We propose various self-exciting point process models for the times when e-mails are sent between individuals in a social network. Using an expectation–maximization (EM)-type approach, we fit these models to an e-mail network dataset from West Point Military Academy and the Enron e-mail dataset. We argue that the self-exciting models adequately capture major temporal clustering features in the data and perform better than traditional stationary Poisson models. We also investigate how accounting for diurnal and weekly trends in e-mail activity improves the overall fit to the observed network data. A motivation and application for fitting these self-exciting models is to use parameter estimates to characterize important e-mail communication behaviors such as the baseline sending rates, average reply rates, and average response times.

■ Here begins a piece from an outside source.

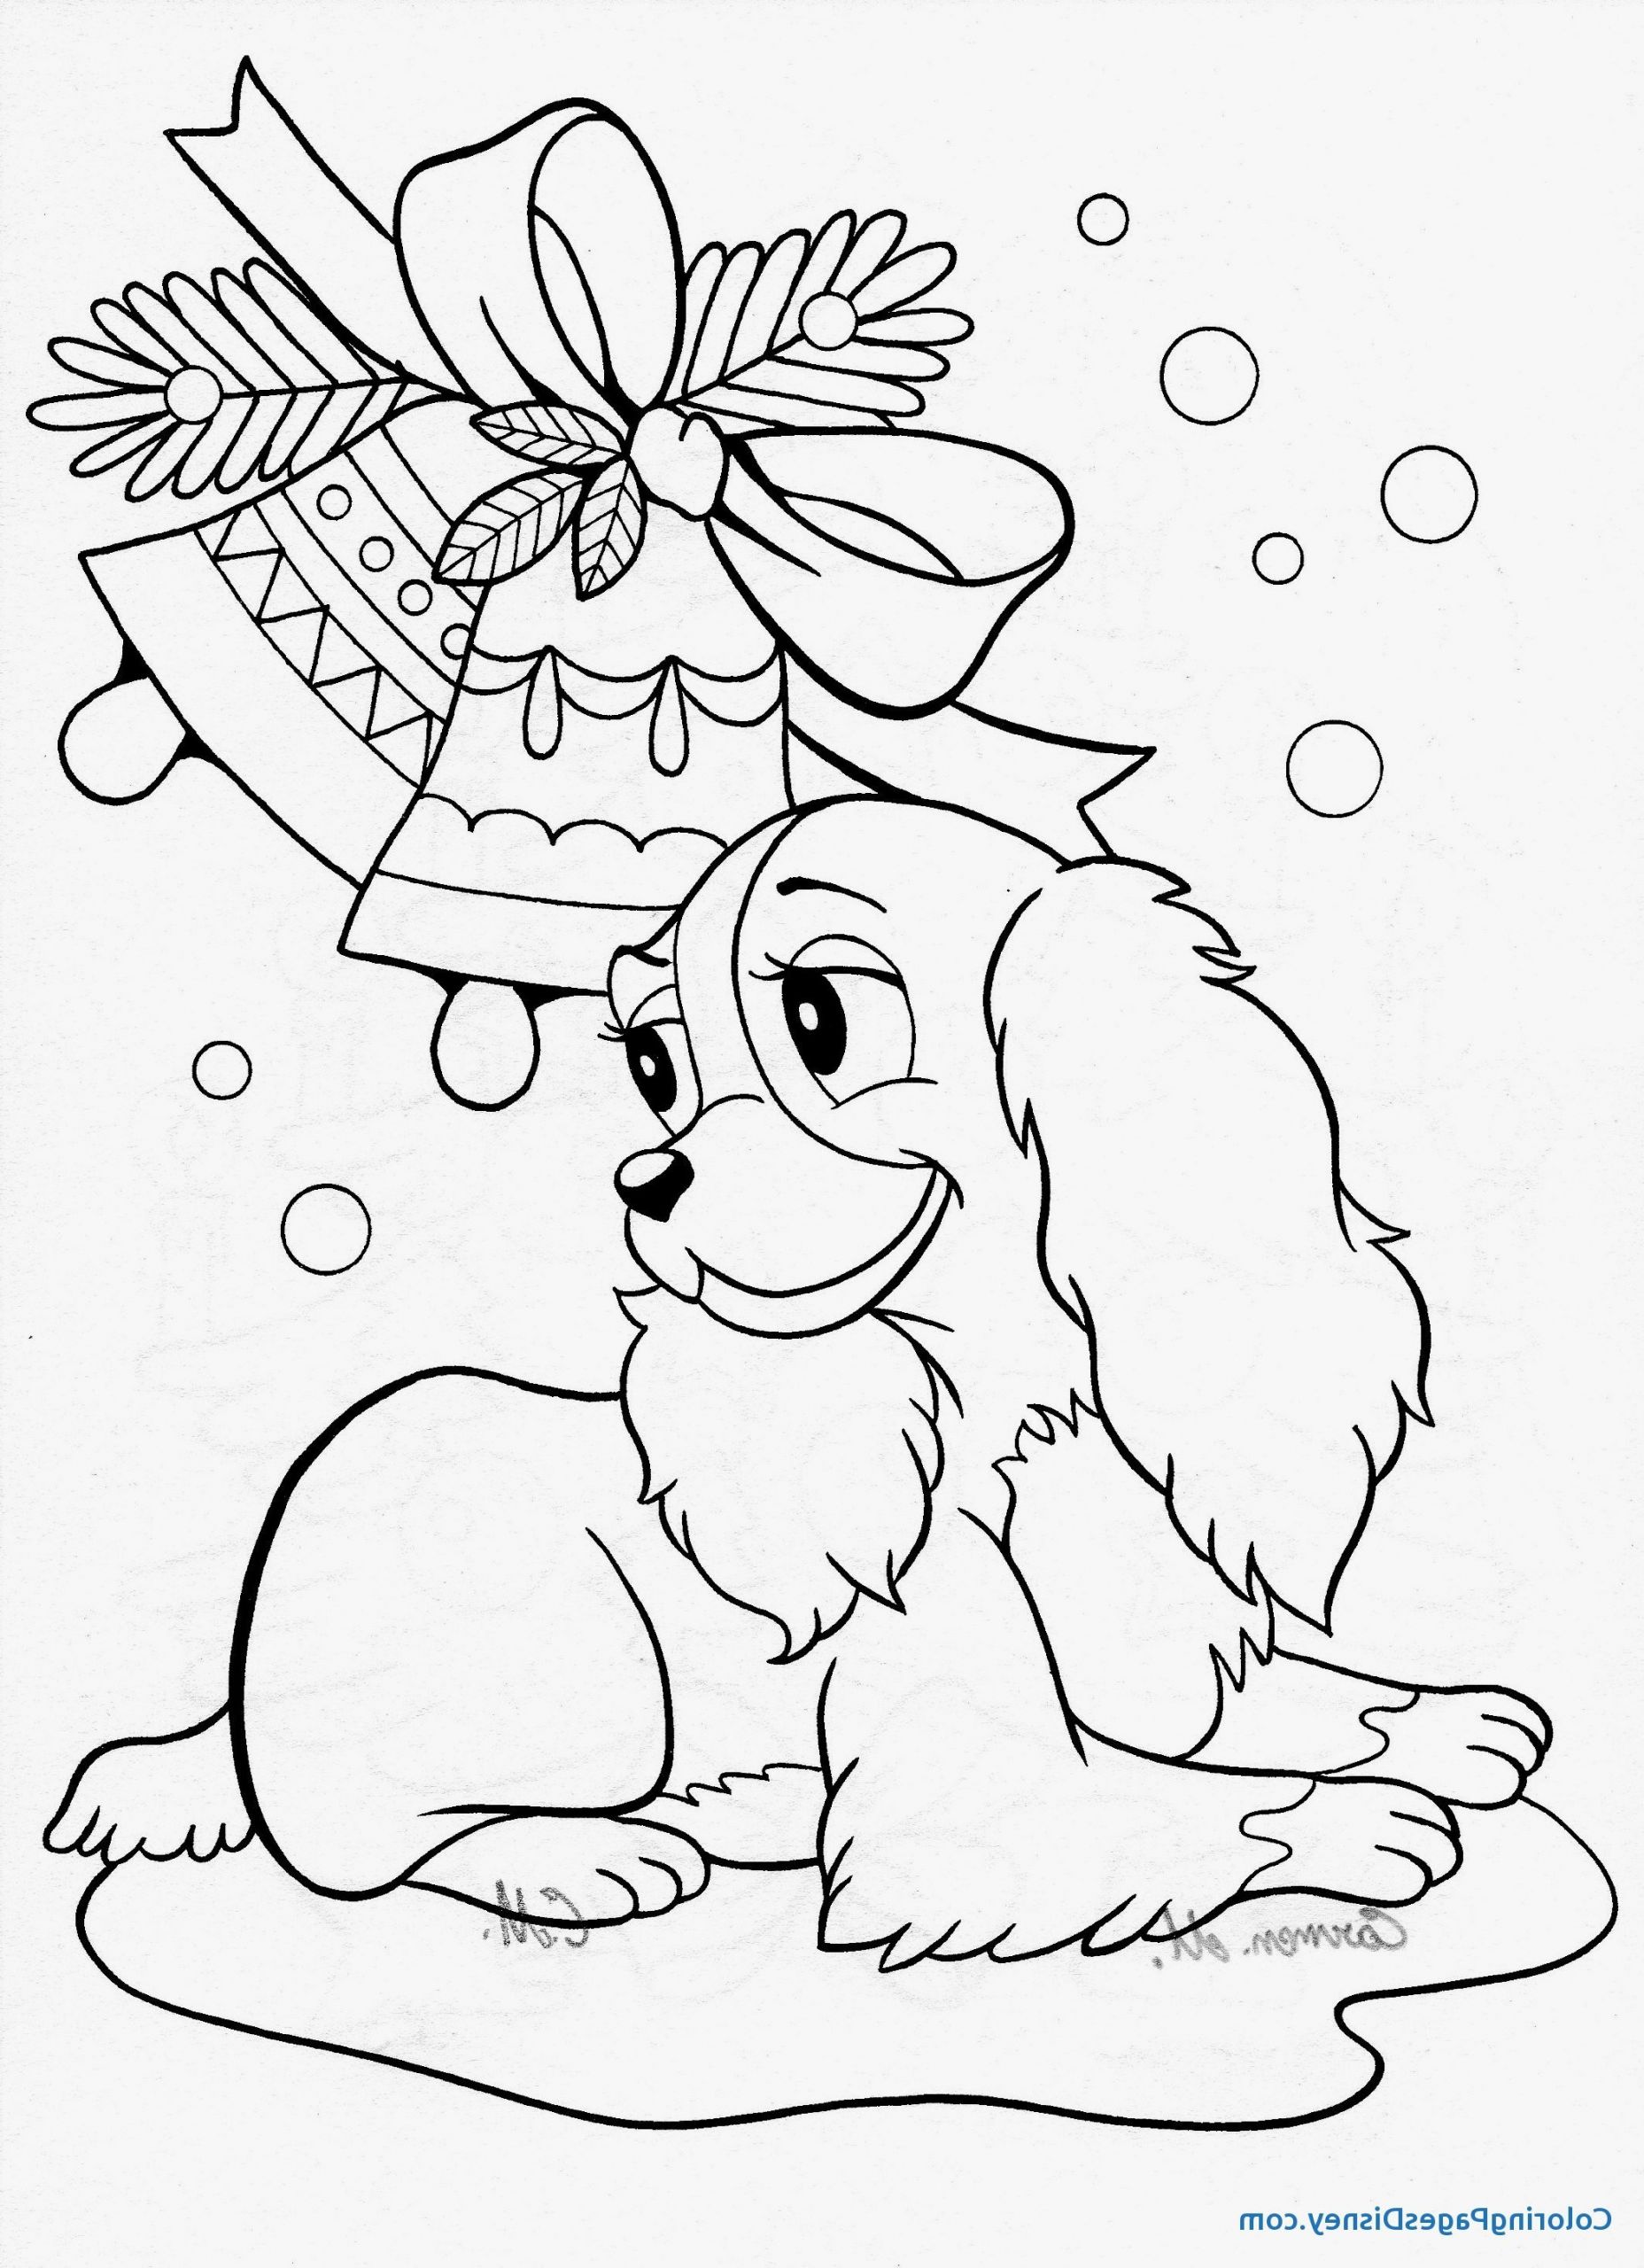 farm animals coloring picture new photos beautiful fun animal coloring pages tintuc247 of farm animals coloring picture

A primary goal is to use these features, estimated from the self-exciting models, to infer the underlying leadership status of users in the West Point and Enron networks. Supplementary materials for this article are available online.

Suggested Citation

  • Eric W. Fox & Martin B. Short & Frederic P. Schoenberg & Kathryn D. Coronges & Andrea L. Bertozzi, 2016. "Modeling E-mail Networks and Inferring Leadership Using Self-Exciting Point Processes," Journal of the American Statistical Association, Taylor & Francis Journals, vol. 111(514), pages 564-584, April.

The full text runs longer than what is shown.